Не оставалось сомнений, что лорд Рэндал погиб от руки его «верной возлюбленной», а не просто съев, как следовало из других вариантов, что-то нехорошее. Сцена, где его охотничьи собаки шатаются перед тем, как упасть замертво, особенно преследовала меня, потому что в то время я любил собак. Прослушав эту балладу — а я снова и снова требовал повторить ее, я — поднимался к себе в спальню, испытывая неподдельный, но приятно щекочущий страх, и старался успокоиться перед сном, катая крохотные жемчужины из наплывов воска на подсвечнике.
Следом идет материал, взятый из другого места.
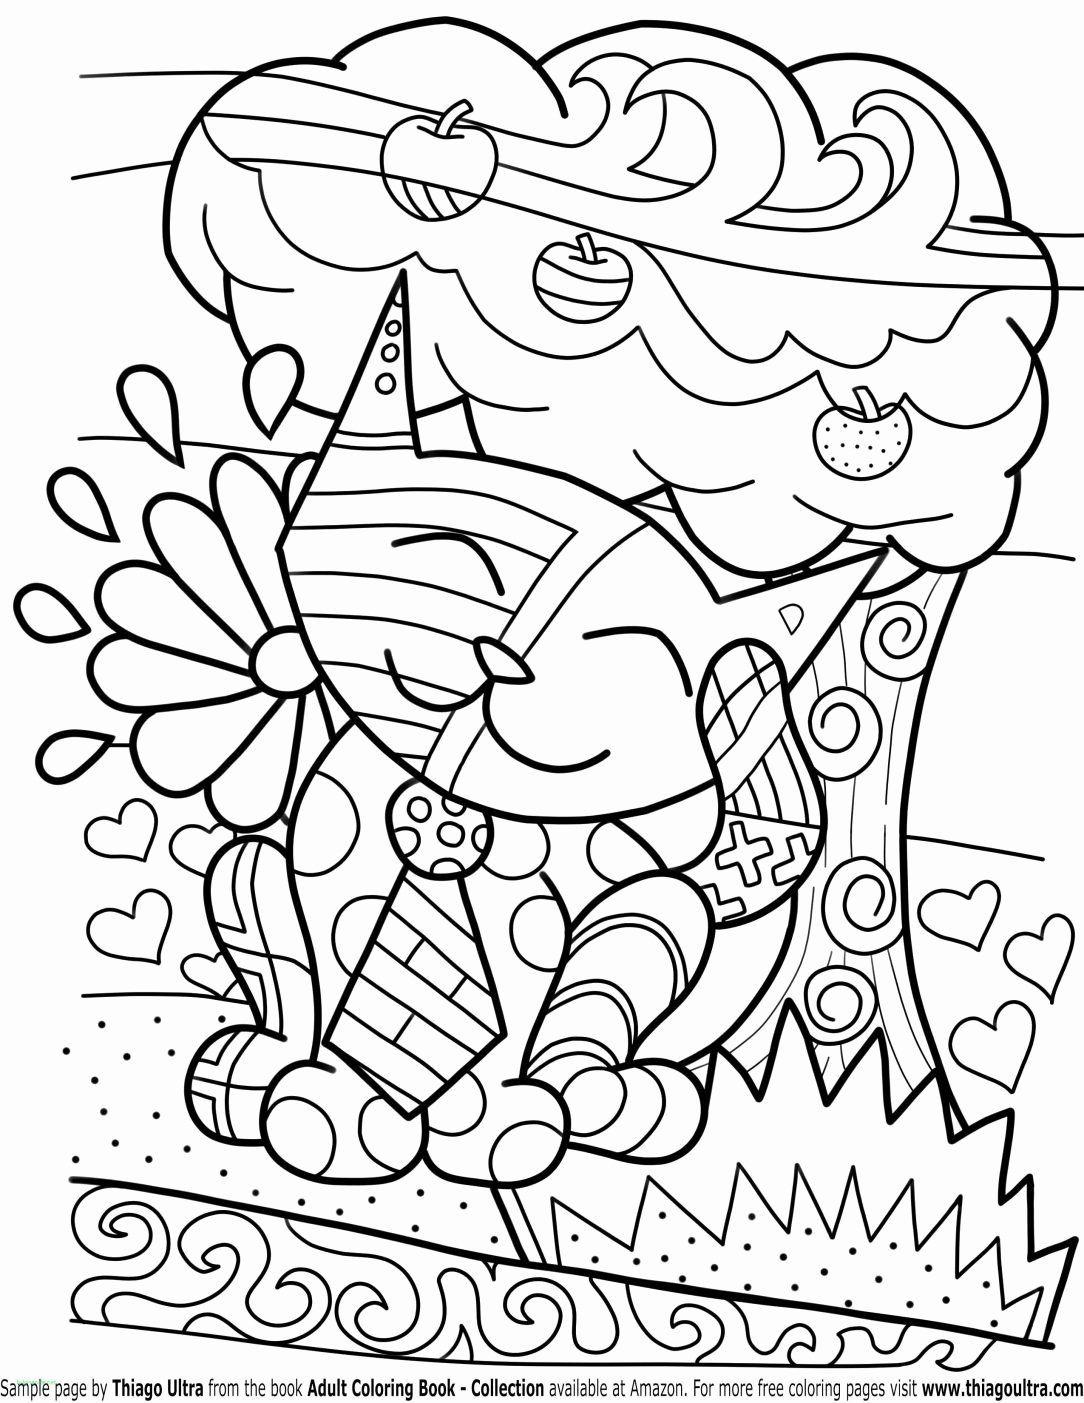 Alphabet Coloring Book Printable Pdf Elegant Coloring Ideas 62 Tremendous Free Coloring Sheets P Bird Coloring Pages Mandala Coloring Pages Fall Coloring Pages

В столовой всегда было полутемно, а ее стены увешаны картинами маслом. В гостиной — тесно от маленьких столиков, драпировок, ширм и шитых панно на резных ножках. Там стояло два застекленных шкафчика, заполненных всяческими «древностями» — веерами, табакерками для нюхательного табака, орехами с выпиленным узором, старинными монетами и медалями; некоторые из них ничем не примечательные, к примеру, заключенный в футляр, тщательно обложенный ватой и снабженный этикеткой обгорелый кончик трости, опираясь на которую, некий родственник совершил восхождение на Везувий, или прядь волос Вордсворта (подлинность под вопросом). Стандартный набор туристских трофеев еще не был определен; подарки, которые мой дядя Алик привозил после морских походов, были необычней и лучшего качества, нежели добыча участников современных круизов, и все это тщательно хранилось и давалось в руки только под присмотром старших, когда меня одолевала скука дождливых дней. Самым невероятным экспонатом этой коллекции была «Белая кровь» — сохраненная моим дедом проба крови пациента, умершего от какой-то формы острого малокровия. Она хранилась в стеклянном флаконе, помещенном в цилиндр из слоновой кости с завинчивающейся крышкой вместе с какими-то научными заметками, написанными неразборчивым почерком деда. Субстанция давно уже была не белой (если когда и была действительно таковой), а густой и коричневой. Когда спустя годы я, после смерти последней из теток, вступил во владение их имуществом, я тщетно пытался ощутить то мое детское восхищение.
Дом в Мидсомер-Нортоне был полон интересных запахов, не то что мой дом, где окна вечно были нараспашку, чтобы аромат отцовского табака и ингаляций от астмы, даже благоухание гиацинтов матери, вазы с которыми в пору их цветения стояли по всему дому, не проникал в комнаты. В Нортоне не водилось табаку, зато там вечно присутствовал неистребимый запах газа, масла для ламп, плесени и фруктов; в одной части дома пахло запущенной церковью, в другой — людным базаром. Собаки теток пахли сильней, чем собаки матери, у них еще был старый и злой какаду, от поддона клетки которого, пока его не вычистят, шла сильнейшая вонь. В конюшнях сохранился запах кожаной упряжи и лошадей, хотя у теток остались единственный пони и его попона. В каретном сарае несколько лет стоял и гнил брогам, издавая головокружительный запах.